Marsel tidak boleh gentar atas laporan balik yang dilayangkan oleh Osy Gandut, sebab pasti Kapolres Manggarai tidak akan memproses laporan balik dari Osy Gandut tersebut. Sebab para Kapolres di seluruh Indonesia, termasuk Kapolres Manggarai sudah mengantongi Peraturan Kapolri Nomor B/345/III/2005/Bareskrim tertanggal 7 Maret 2005, yang berisi agar Polri lebih memprioritaskan penanganan perkara dugaan korupsi dibanding laporan pencemaran nama baik.

Artinya, kalau ada orang yang dilaporkan ke polisi karena dugaan tindak pidana korupsi dan terlapor melaporkan si pelapor sebagai terduga pelaku pencemaran nama baik, maka polisi tidak boleh memproses laporan dugaan pencemaran nama baik itu. Justru polisi harus memprioritaskan penanganan dugaan tindak pidana korupsi.
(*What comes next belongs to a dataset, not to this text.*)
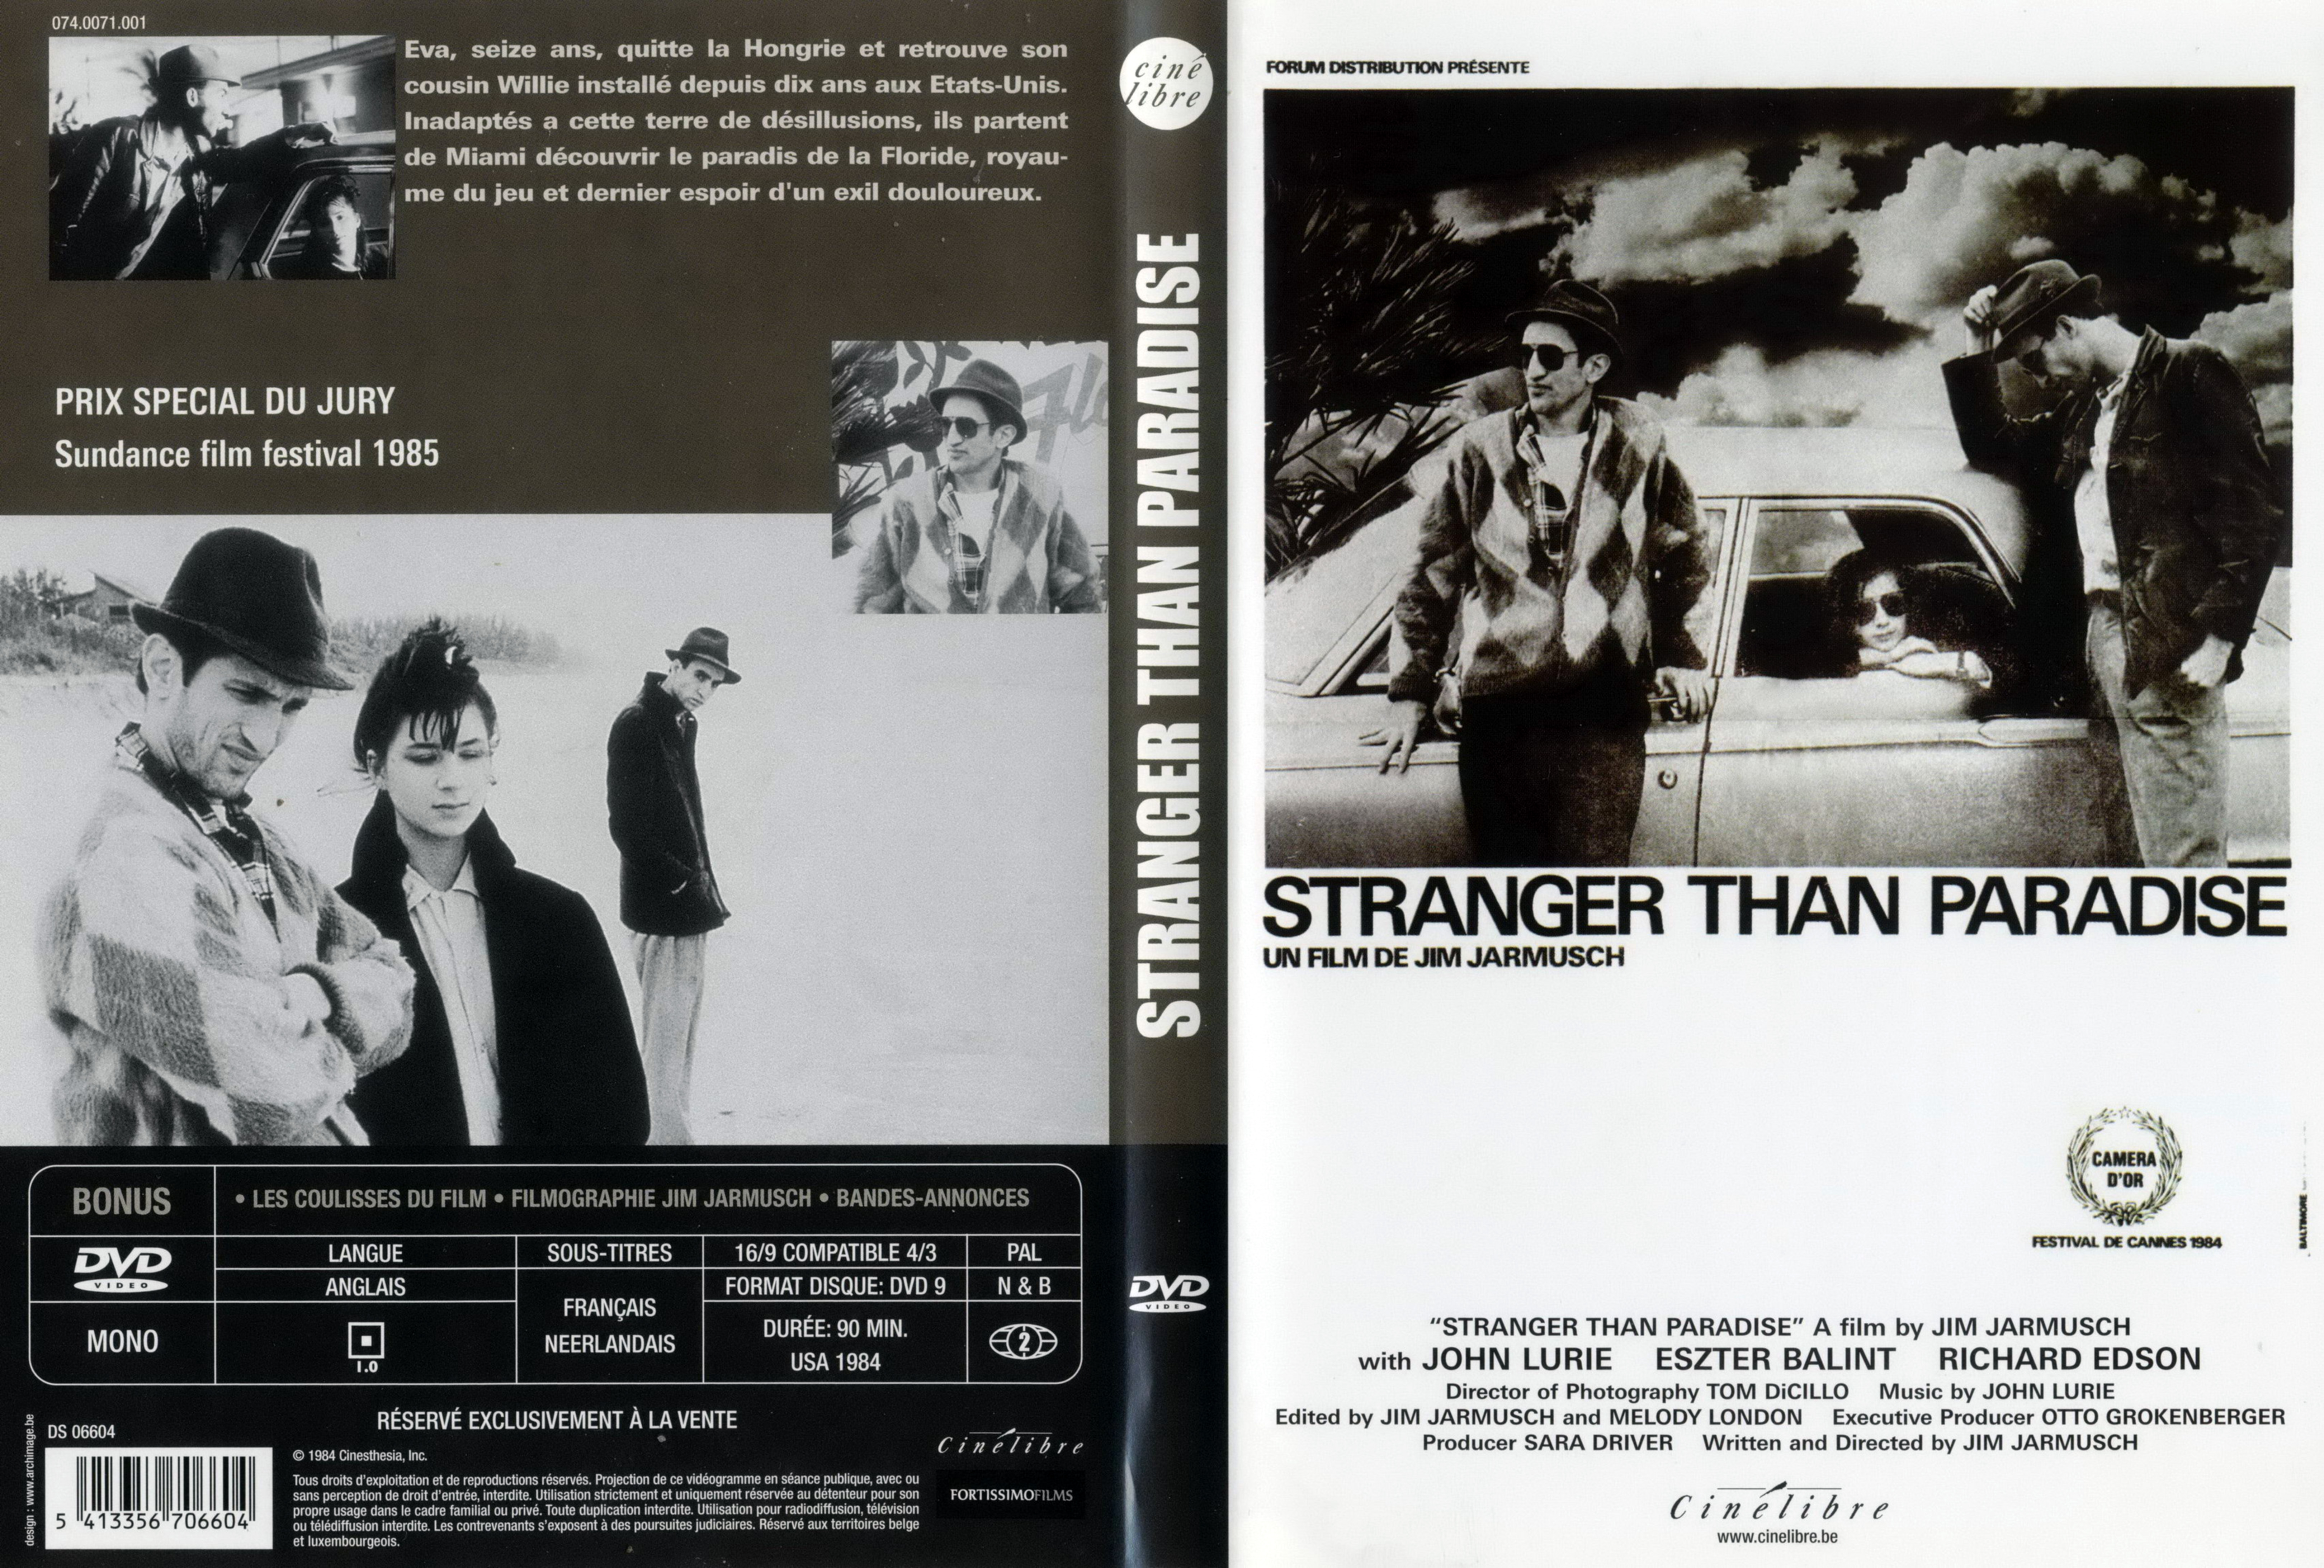 Jaquette DVD Stranger than paradise v2

Contohnya, ketika mantan Kapolri Sutarman menjabat Kabareskrim Mabes Polri, pada tahun 2011, ia menegur dua penyidik yang memeriksa Ketua Umum Partai Demokrat, Anas Urbaningrum, di Polres Blitar, Jawa Timur. Langkah penyidik itu tidak memenuhi rasa keadilan masyarakat, katanya.

Saat itu Anas Urbaningrum meminta agar diperiksa sebagai saksi pelapor di Blitar, dimana sebelumnya Anas melaporkan M Nazaruddin dengan sangkaan pencemaran nama baik dan fitnah di Bareskrim Polri di Jakarta. Anas melaporkan Nazaruddin, karena tak terima segala tuduhan mantan Bendahara Partai Demokrat itu melalui BlackBerry Messenger kepada wartawan.

Belakangan, Nazaruddin melontarkan tuduhan dalam wawancara langsung di beberapa stasiun televisi dan via Skype. Nazaruddin menyebut Anas menerima suap terkait proyek wisma atlet SEA Games di Palembang. Selain itu, kata Nazaruddin, Anas juga mengambil jatah uang Rp 7 miliar untuk media massa. Tudingan lain yakni adanya politik uang dalam memenangkan Anas sebagai Ketua Umum Partai Demokrat. Nazaruddin menyebut Anas menghabiskan uang hingga 20 juta dollar AS yang didapat dari Anggaran Pendapatan dan Belanja Negara (APBN).

Menurut Kabareskrim Mabes Polri, kalaupun dugaan pencemaran nama baik itu diproses, hal itu baru dapat dilakukan setelah dugaan tindak pidana diproses. Jangan justru dugaan tindak pidana pencemaran nama baik yang diproses lebih dulu.

Dengan demikian, jika Marsel tetap konsisten dengan laporannya, tidak tergoda dengan iming-iming tertentu untuk berdamai, maka Marsel akan tampil sebagai pemenang dalam pertarungan ini dan masyarakat akan mengenang Marsel sebagai politisi bersih dan tangguh.

Josefina Agatha Syukur adalah Advokat Senior pada Law Firm FIFI LETY INDRA & Partners Jakarta. Perempuan asal Manggarai ini menempuh Magister Hukum dari Fakultas Hukum Universitas Indonesia (UI). Selain sebagai advokat, sekarang ia juga mengajar sebagai Dosen Fakultas Hukum Universitas Mpu Tantular Jakarta.